In 2 is a detailed view of the motor vehicle tire VL with the tire module 1 shown. The vehicle speed or the peripheral speed v _{rad of} the wheel 1 can in this case be divided into a forward vehicle direction velocity component v _x, and in a directed to the road speed v _y. The two speed components can also in a known manner by an angular function as a function of an angle β and the peripheral speed v _{rad of} the wheel 1 be expressed.

As already stated, tire air pressure monitoring systems with a central antenna need information on which wheel position which tire module is 1 . 2 . 3 . 4 located. Without this additional information, the tire air pressure monitoring system can only produce a tire pressure indication, or only a low pressure warning, without position indication. When a spare tire with mounted tire module is in the car, the tire air pressure monitoring system can not distinguish between a tire air pressure loss on a rotating wheel and a tire air pressure loss in the spare wheel. A known solution is to mount 4 antennas in the wheel arches, which then recognize the associated tire module based on the field strength. However, the "4 antenna solution" is not preferable for economic reasons.

The assignment procedure described here is able to distinguish between a rotating tire and spare tire in a tire air pressure monitoring system with only one central antenna and to output the wheel position in the tire pressure display.

c:

Ausbreitungsgeschwindigkeit des Signals, 3·10⁸m/s

For this purpose, the so-called "Doppler effect" is used, which describes the following phenomenon:
If a body radiating a signal of frequency f _{0 is} traveling at a speed v to a receiver which is relatively close to it, a measured frequency f results (as seen from the receiver) as follows:

c:

Propagation speed of the signal, 3 · 10 ⁸ m / s

Similarly, for the departing body:

In the vehicle receiver and transmitter are not in line, so the angles between the direction of movement of the receiver and the (real) propagation direction of the signal must be included.

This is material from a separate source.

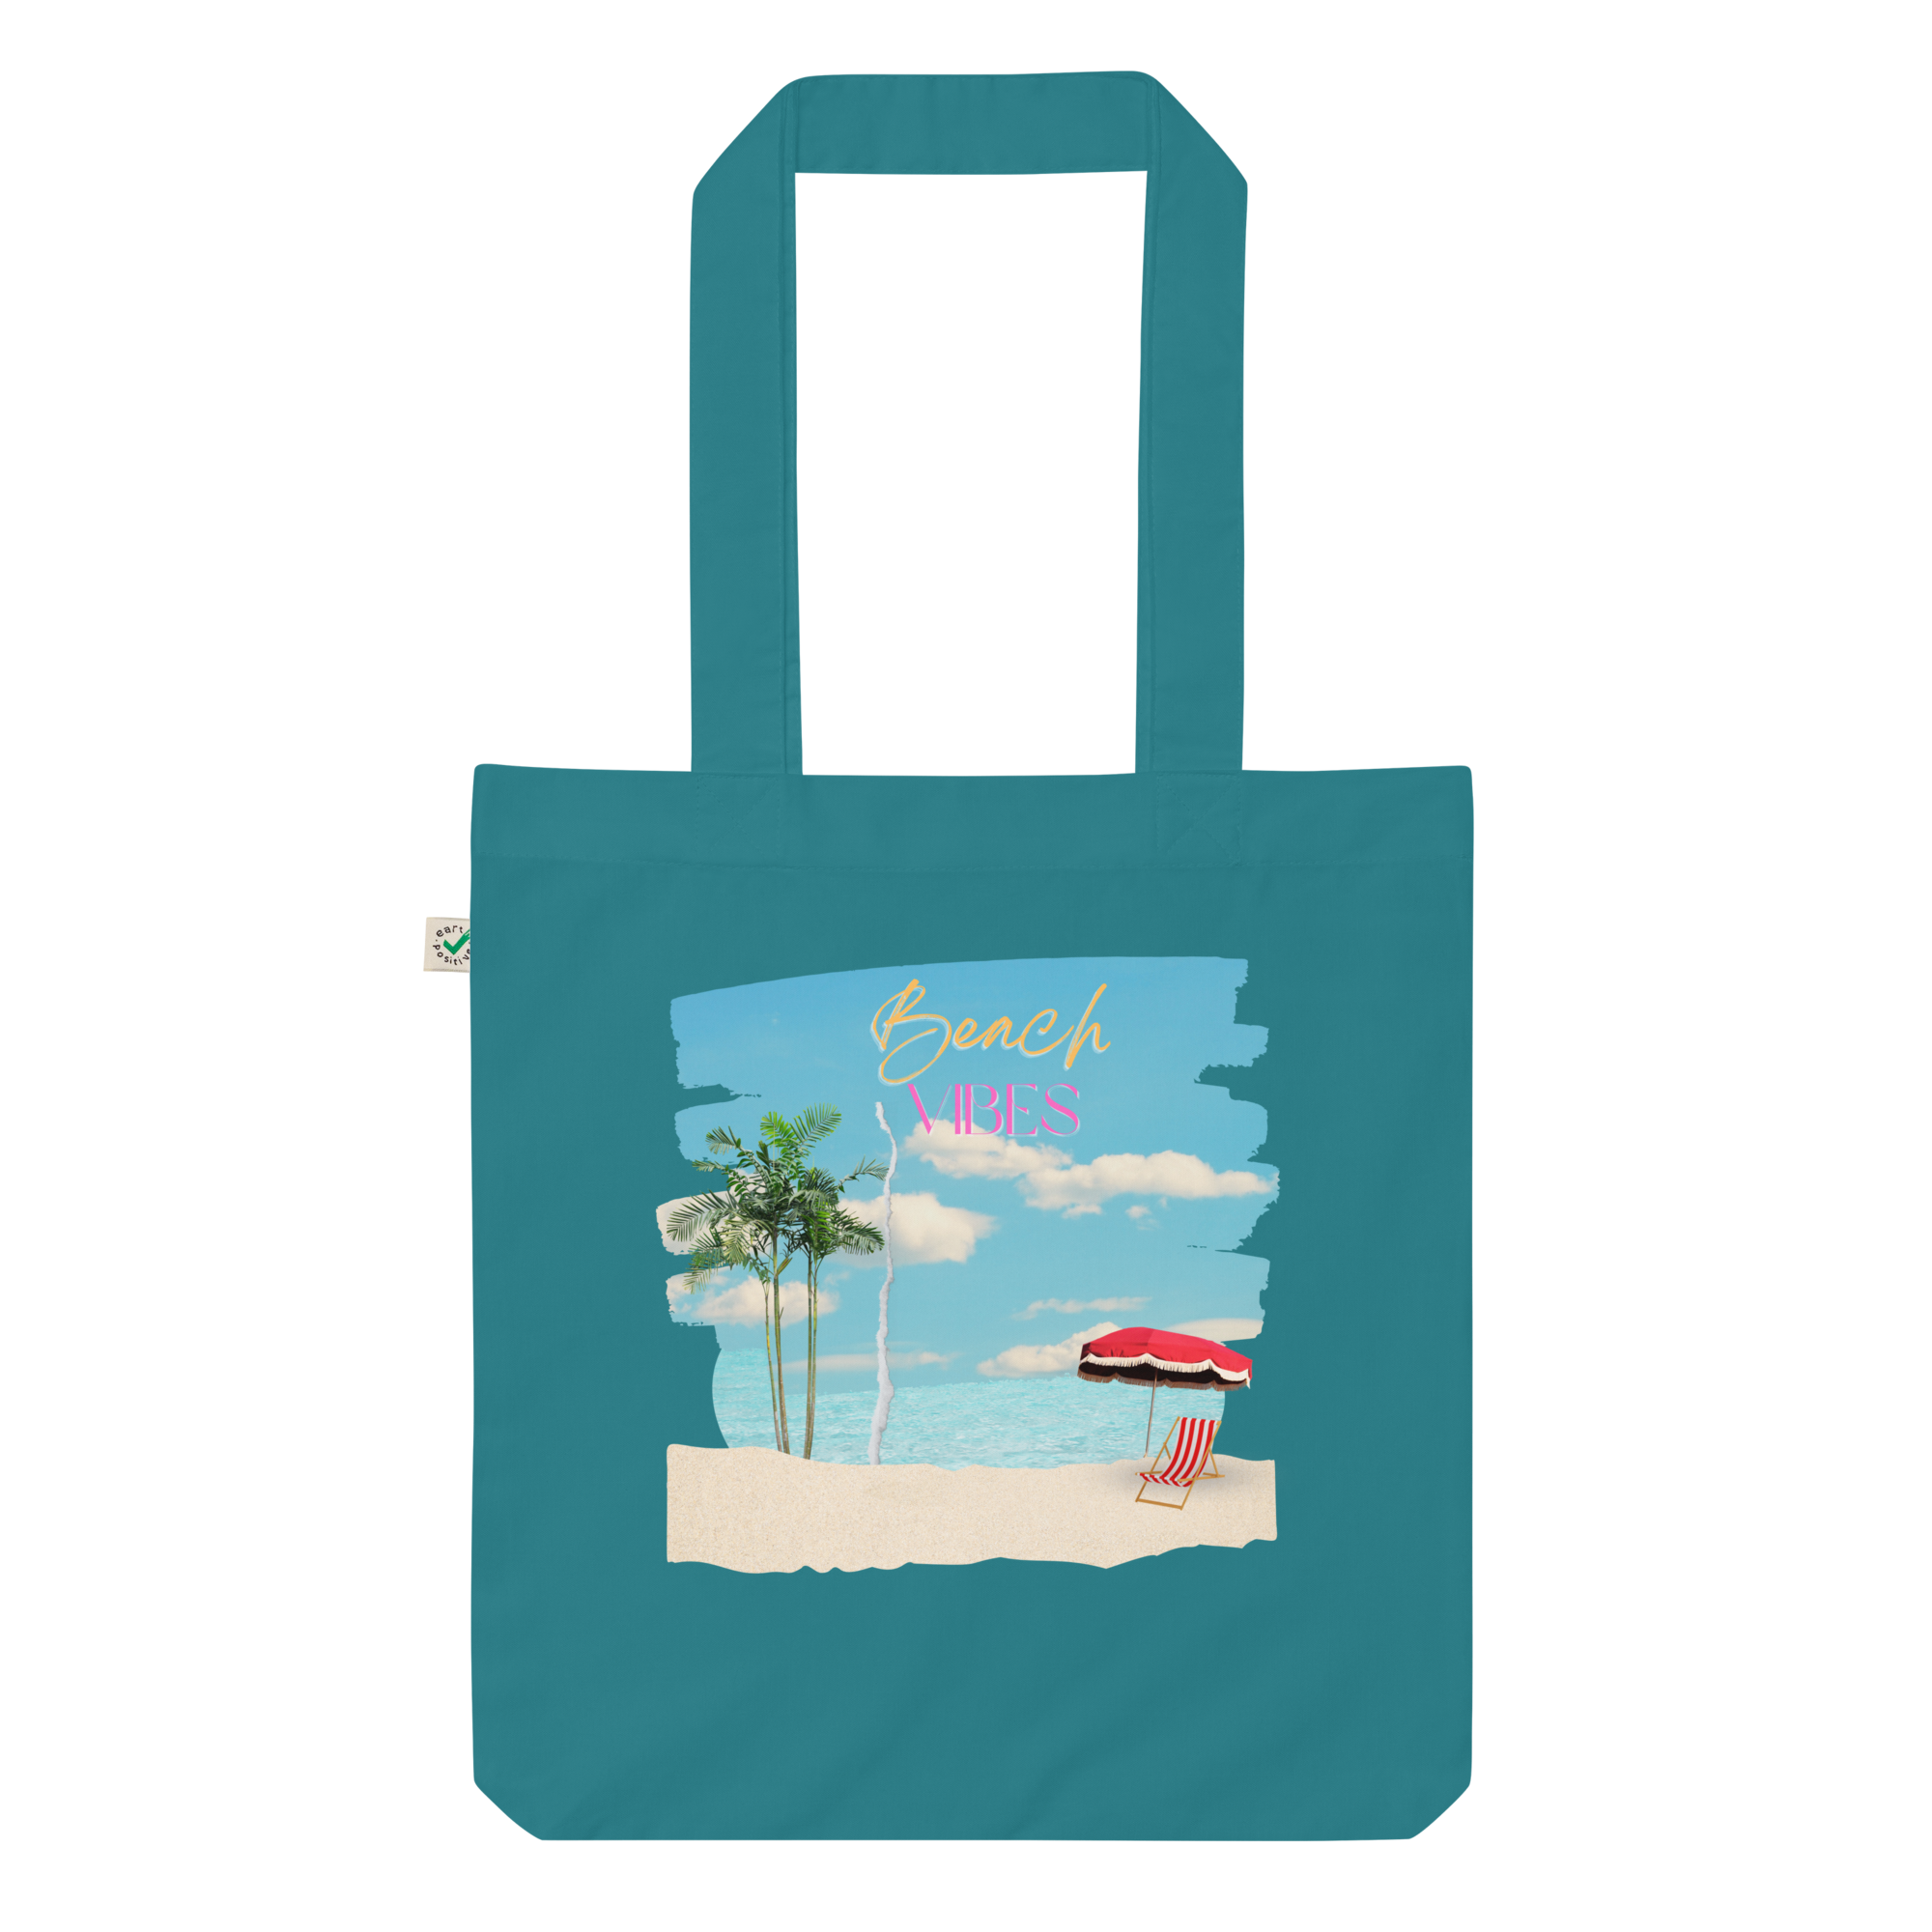 Cute sunny beach day cartoon illustration motif set Tote Bag by  LimolidaDesignStudio_Art_Pattern_Illustr
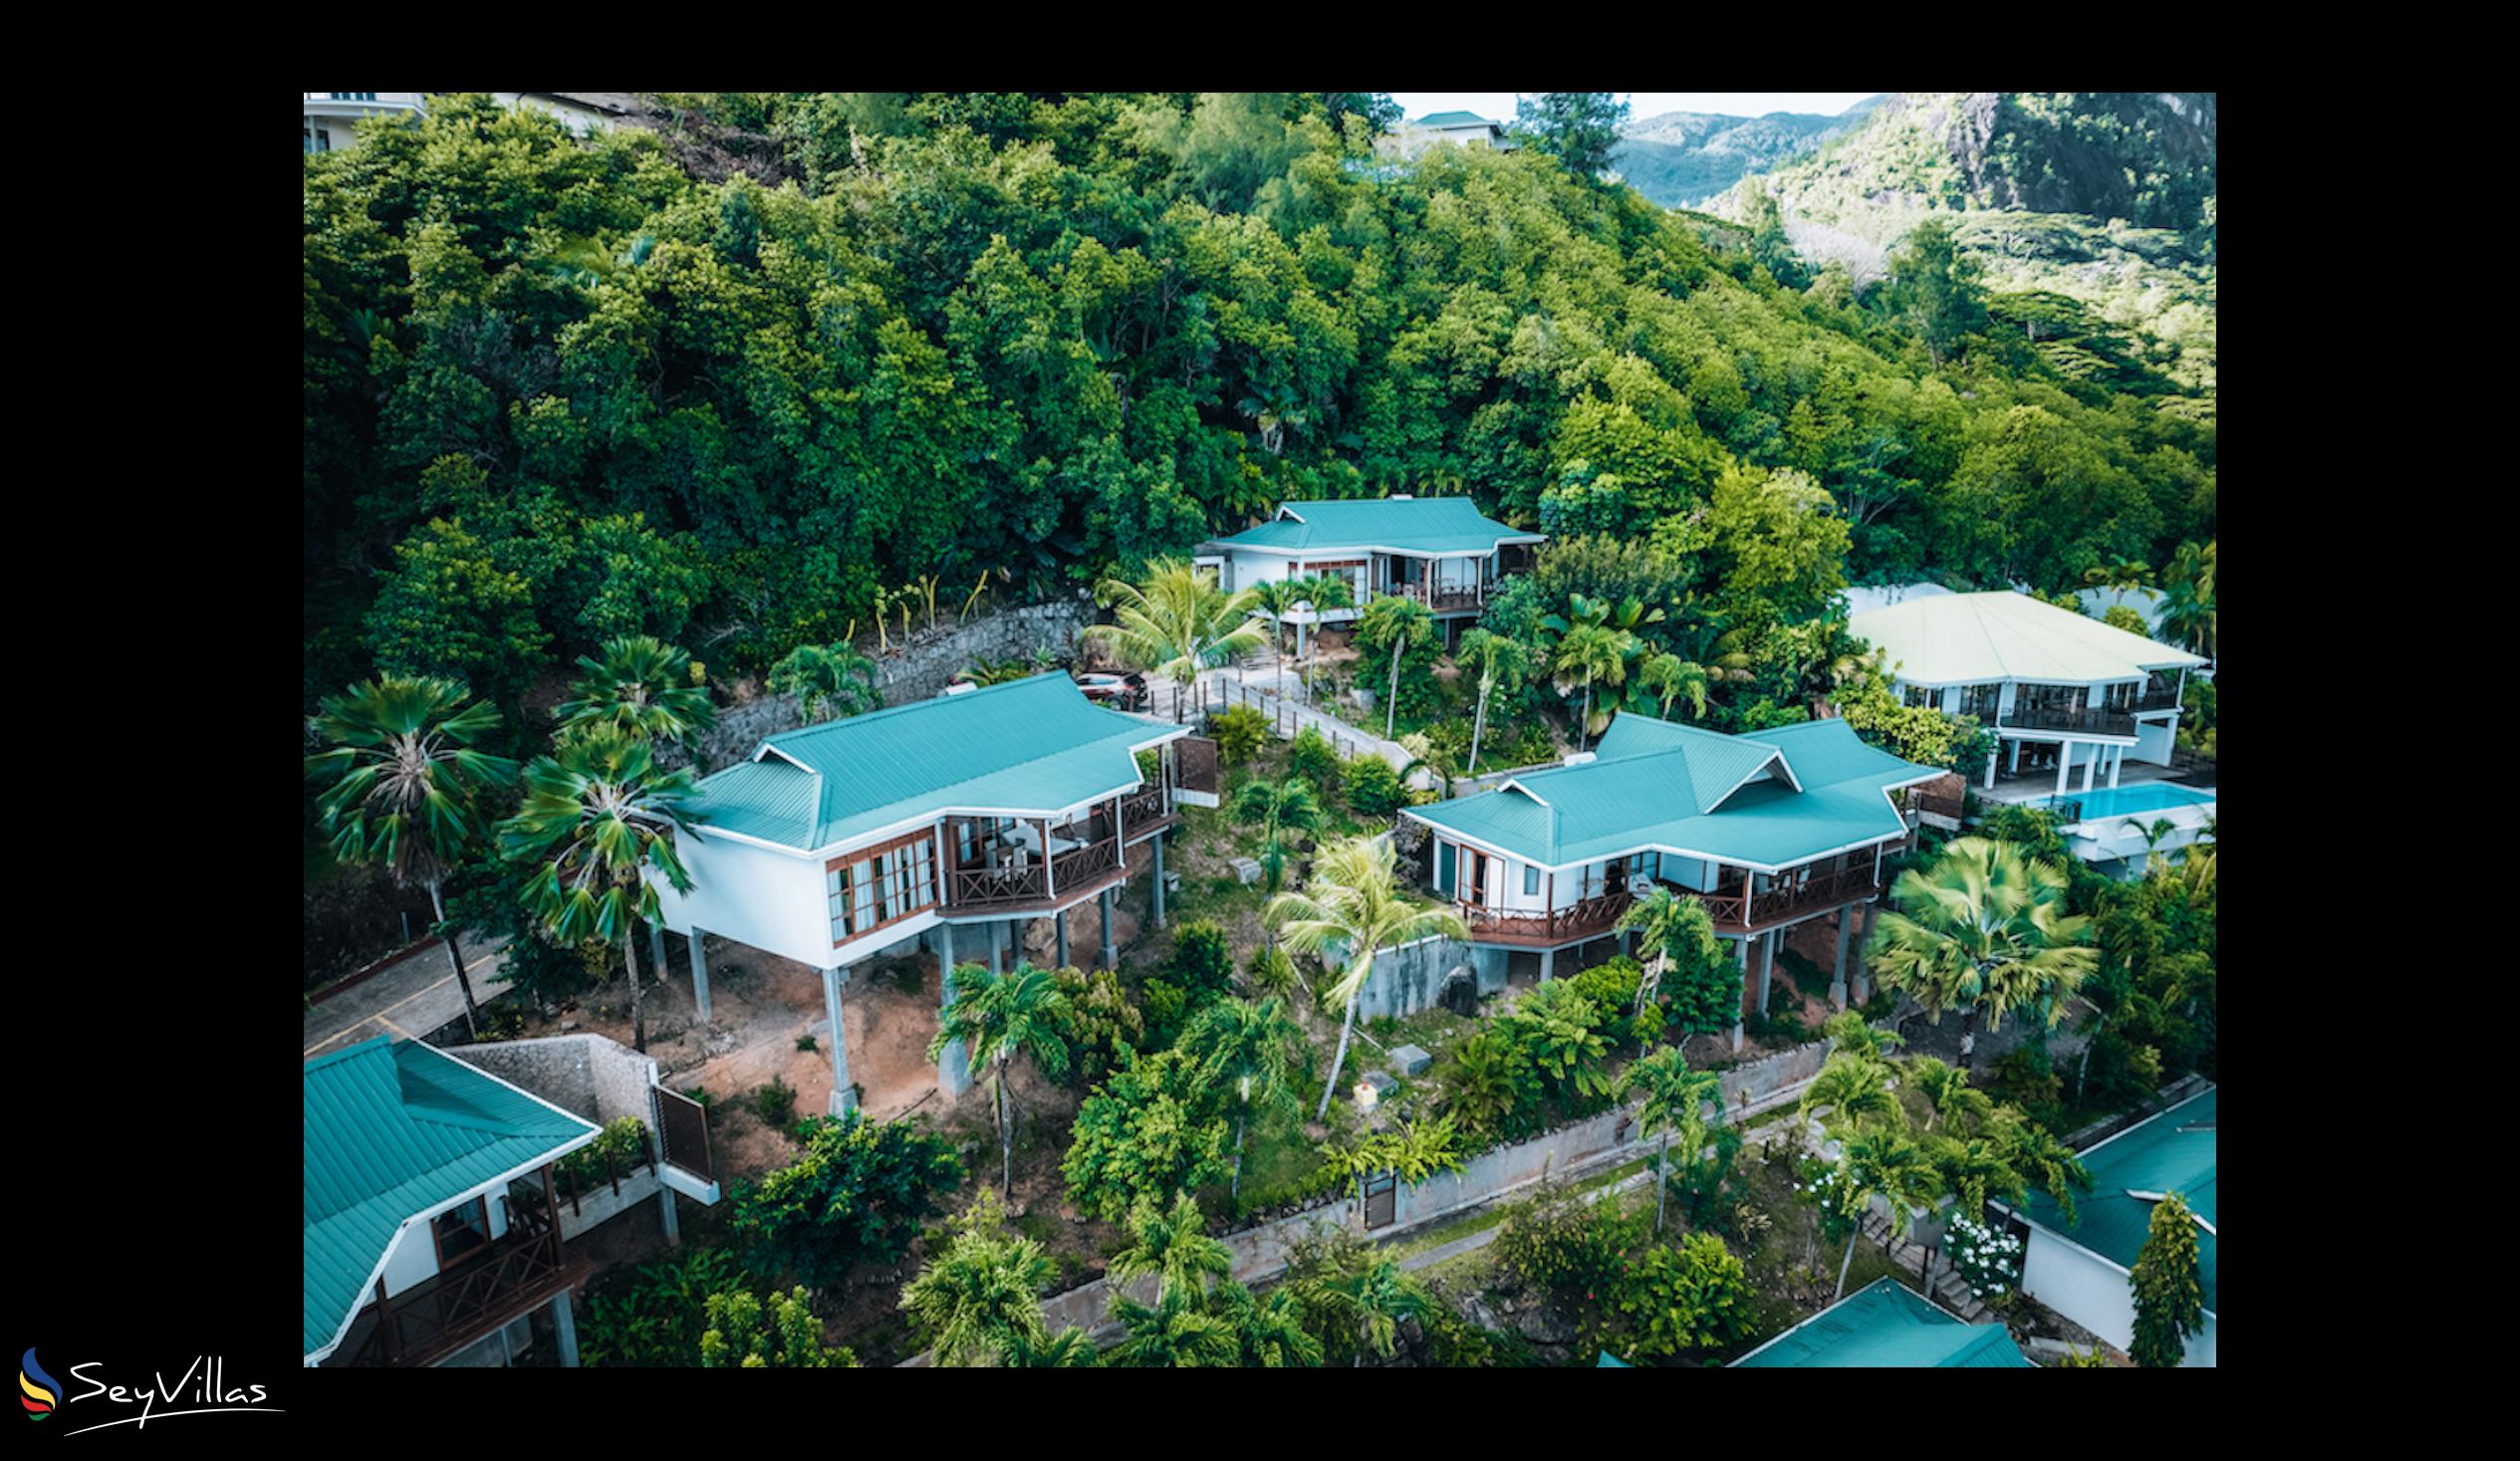 Photo 8: Villas de Jardin - Outdoor area - Mahé (Seychelles)

The geometric relationships are simplified 1 removable.

The effective velocities v _i thus result in (i = wheel number): v i = cos (α i ) · V wheel

It follows for the individual frequencies f _i :

It is for each wheel position is dependent on the angle and the wheel speed frequency shift to calculate.

The angle can be determined from the vehicle geometry or can be determined by measuring the real signal propagation path. The speed v _rad is the peripheral speed of the wheel that can be detected by the ABS speed sensors.

ω:

Radwinkelgeschwindigkeit

t:

Zeit

v_x:

Relativbewegung zwischen Sender im Rad und Empfänger im Fahrzeug

r_dyn:

Dynamischer Abrollumfang des Rades

Due to the rotation of the wheel, the velocity is sinusoidally modulated, as well as the frequency variation ( 2 ). The following applies: v x = v wheel · Sin (β) = v wheel · Sin (ωt) = v wheel * Sin (v wheel / r dyn · T)

ω:

wheel angular

t:

Time

_vx :

Relative movement between transmitter in the wheel and receiver in the vehicle

r _dyn :

Dynamic rolling circumference of the wheel

One Problem in detecting the modulation of the frequency variation can However, arise when the tire module only on sections of a Turn sends. Then it may be that in the worst case scenario no frequency variation observed (tire module is moving straight down). Here you would then with maximum values work in the frequency variation corresponding to the respective tire module be assigned.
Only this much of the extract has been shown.